The June Revolution (Albanian: Kryengritja e Qershorit or Lëvizja e Qershorit) also known as the Antibourgeois Democratic Revolution(Albanian: Revolucioni Demokrat Antiborgjez) refers to a peasant insurgency backed by the parliamentary opposition of the Zogu Government.

Background
Following the 1923 Albanian elections results, Zogu's faction won 44 seats and opposition candidates 39. The 19 independent, mostly conservative candidates supported Zogu, allowing him to form a government. However, the opposition parties alleged electoral fraud, claiming that their strong performance in the first round of voting should have led to them winning a majority in the second round.
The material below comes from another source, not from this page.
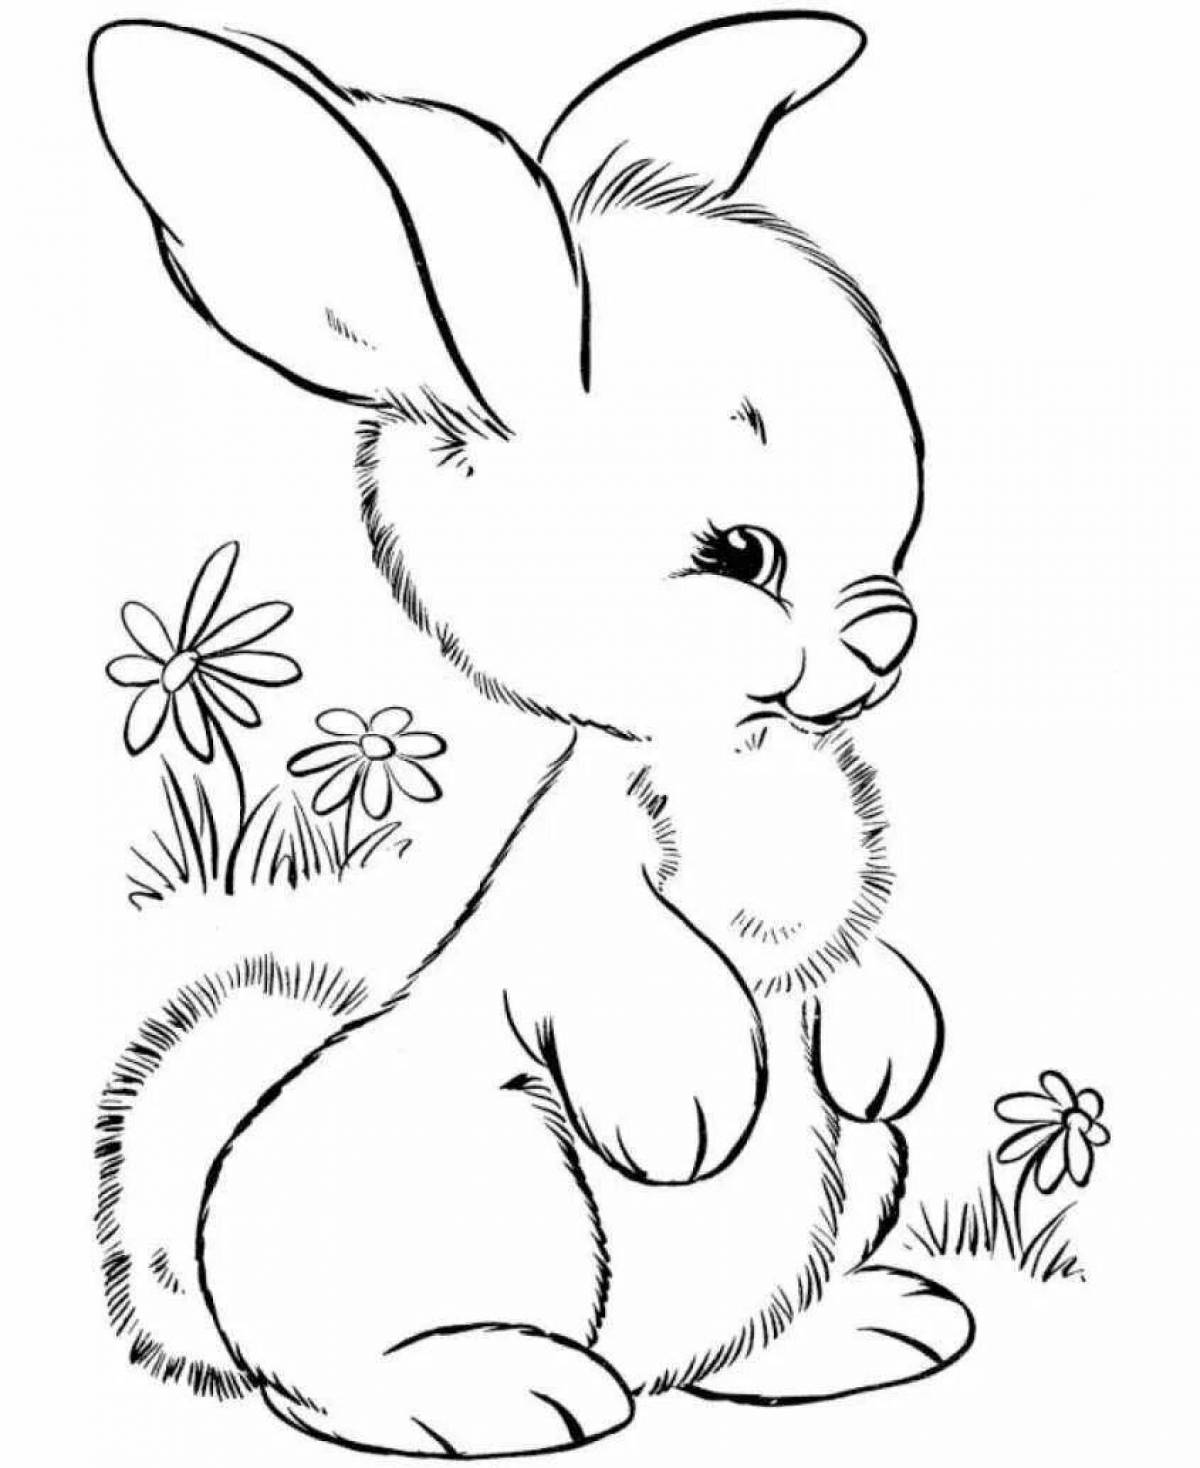 Funny rabbit coloring book for kids

On April 20, 1924 Avni Rustemi, an Albanian politician, was shot in the street of Tirana by an agent of the Toptani Family (because of his murder of Essad Toptani). His death gave rise to the anti-government demonstrations that led to the June Revolution.

Events
The Uprising was split into two fronts: The Northern Front organized by the Committee of Kosovo and led by Bajram Curri which supported Noli due to the rivalry between them and the government of Zogu, and the southern front which was led by Riza Cerova. The Uprising was strongly supported by Albanian Peasants. The Albanian peasantry appeared diverse. Part of them dreamed of owning a piece of land or expanding the small amount of land they owned. The rest wanted to be freed from heavy and numerous state obligations, such as the tithe, the jalap tax, the slavery tax, and other wastes of the feudal system. The Southern Front was composed of the Përmet Garrison and Volunteers from Skrapar. Following several Skirmishes against the government forces, Riza Cerova leading an armed group of ~120 men would take over Berat and would make his way to Tirana. In Kozare he encountered Osman Gazep who was sent from Tirana with a battalion to suppress the uprising. Following the Battle of Kozare, Cerova would defeat the Government Forces and would occupy Lushnje where he was attacked by Osman's forces again but managed to defeat them. Around this time the Vlora volunteers would arrive to assist the Uprising. With all of the southern forces, the rebels would occupy Tirana as Ahmet Zogu would flee to Yugoslavia. According to US estimates, 20 people were killed and 35 were injured on the northern front, while 6 people were killed and 15 were injured on the southern front.

Aftermath
Following the occupation of Tirana, Fan Noli would become the Prime Minister of Albania. Noli, an idealist, rejected demands for new elections on the grounds that Albania needed a "paternal" government. Noli's coalition would propose his "Twenty Points Program" that would see the implementation of radical reforms in Albania. He would fail to implement it, however, as he failed to gather the financial support.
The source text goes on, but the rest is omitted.